◆ WHAT IS EXPECTED
Return all of the data exactly, with nothing left out but the pictures.

◆ RAW DATA
++++++++++++++++++++

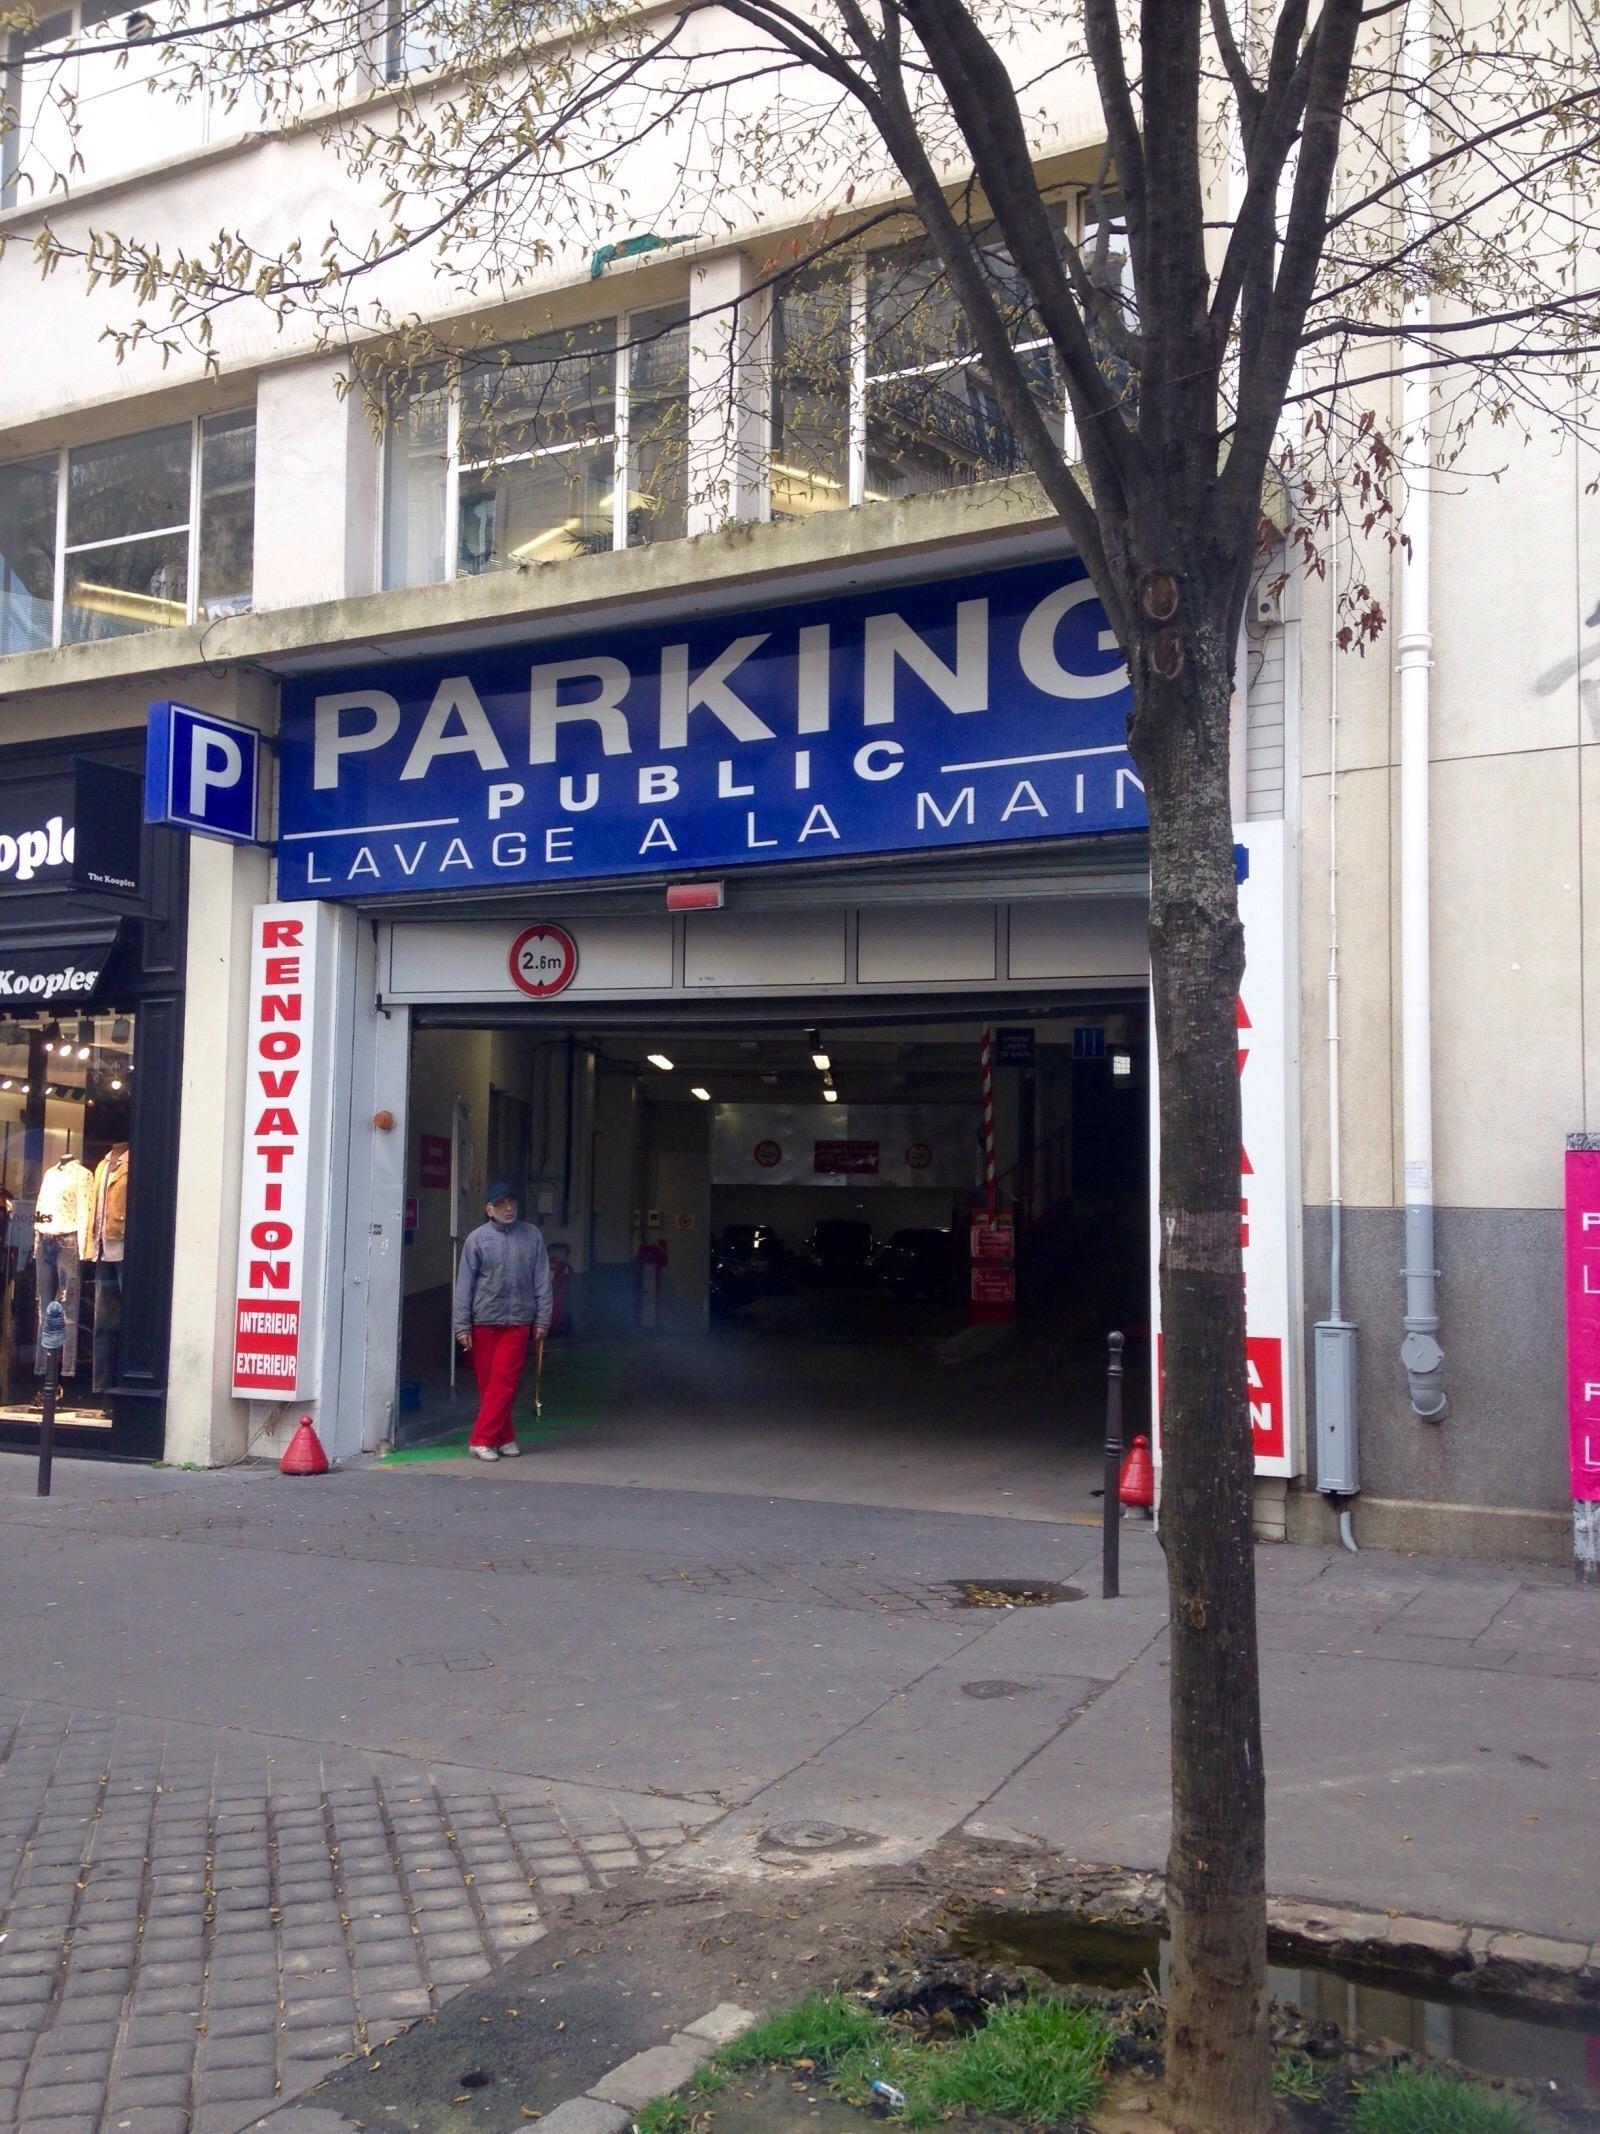 19 rue de passy garage parking in paris parkme. Black Bedroom Furniture Sets. Home Design Ideas
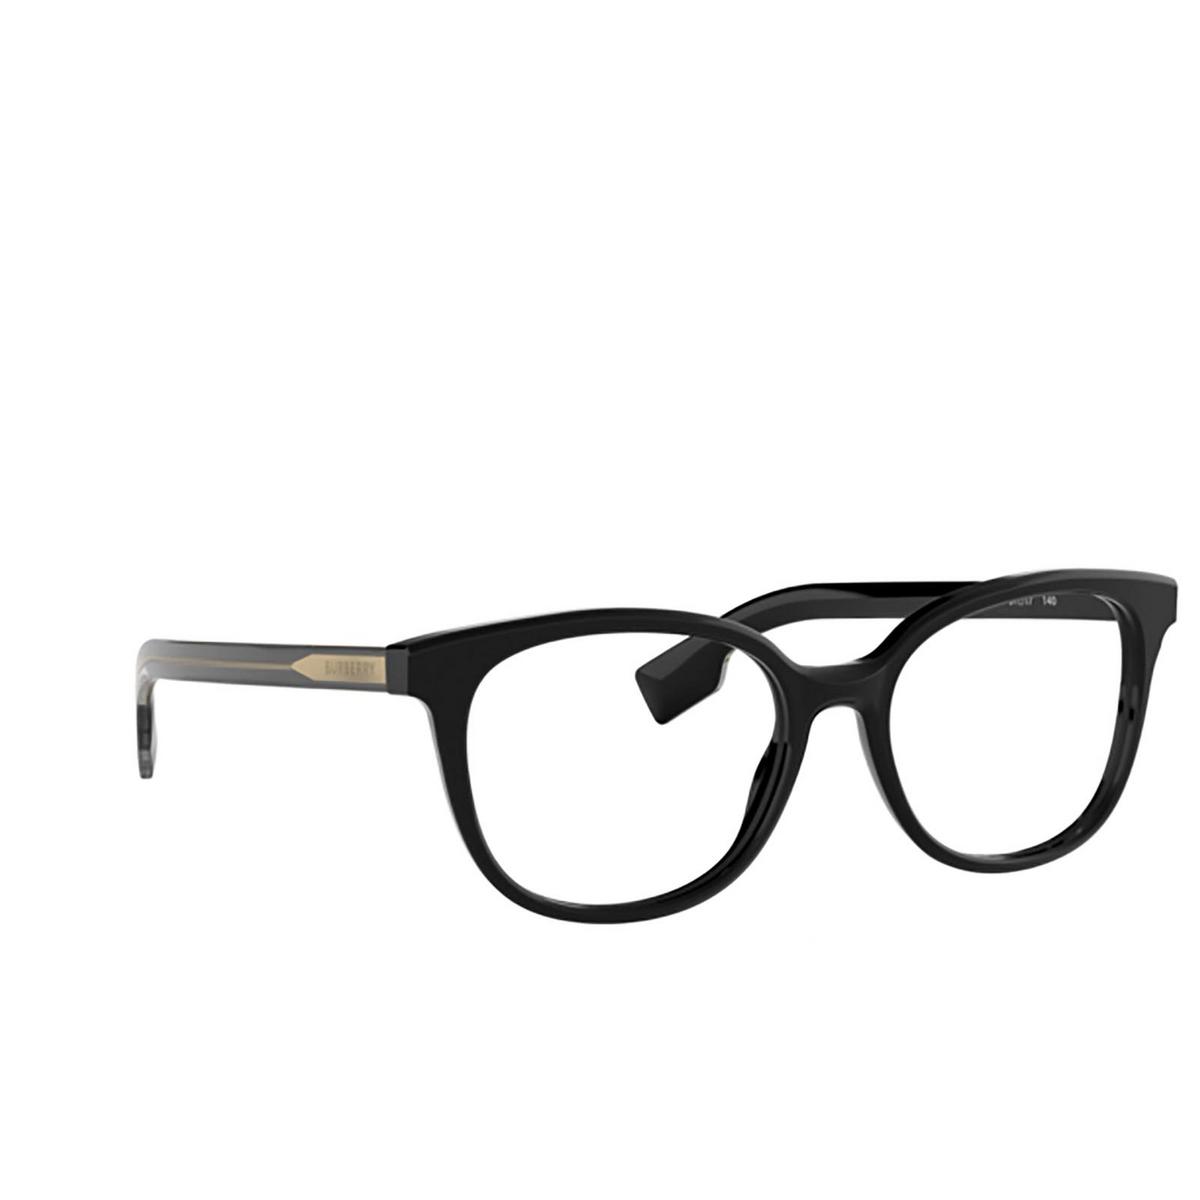 Burberry® Square Eyeglasses: BE2291 color Black 3758 - three-quarters view.
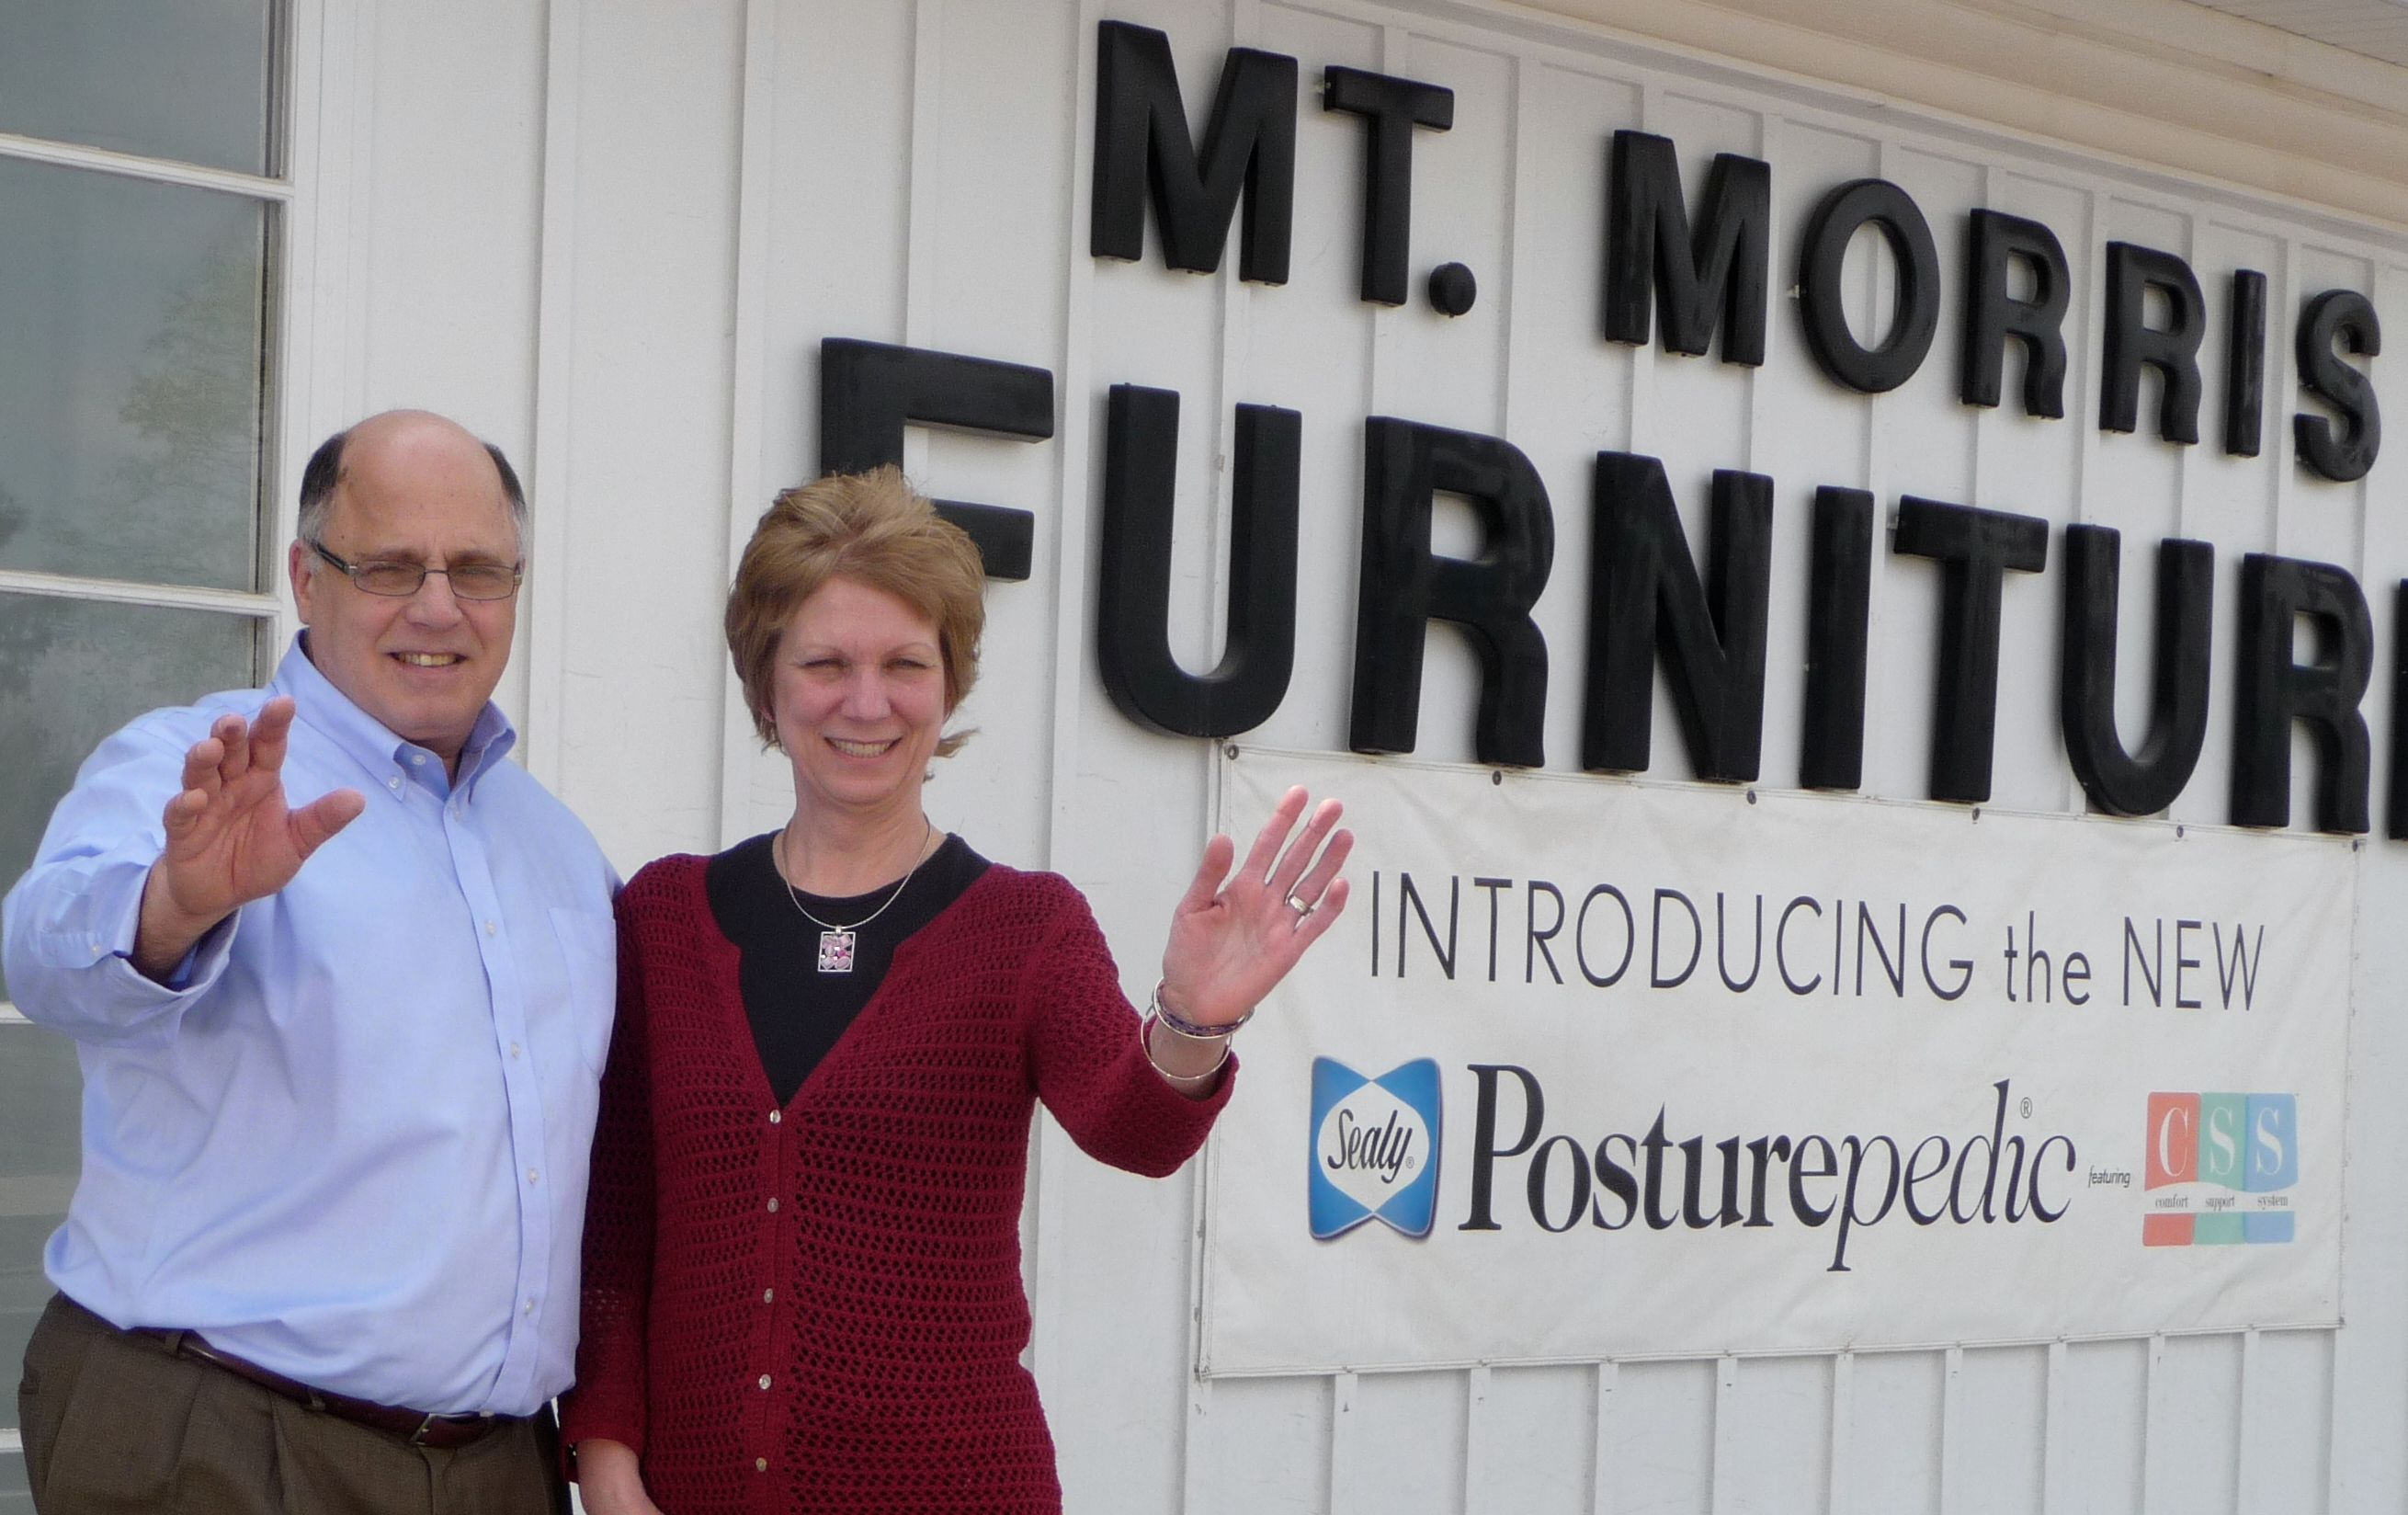 Mount Morris Furniture @ 27 North Main Street Mount Morris, NY

++++++++++++++++++++

◆ TASK OUTPUT
 19 rue de passy garage parking in paris parkme. Black Bedroom Furniture Sets. Home Design Ideas
 Burberry® Square Eyeglasses: BE2291 color Black 3758 - three-quarters view.
 Mount Morris Furniture @ 27 North Main Street Mount Morris, NY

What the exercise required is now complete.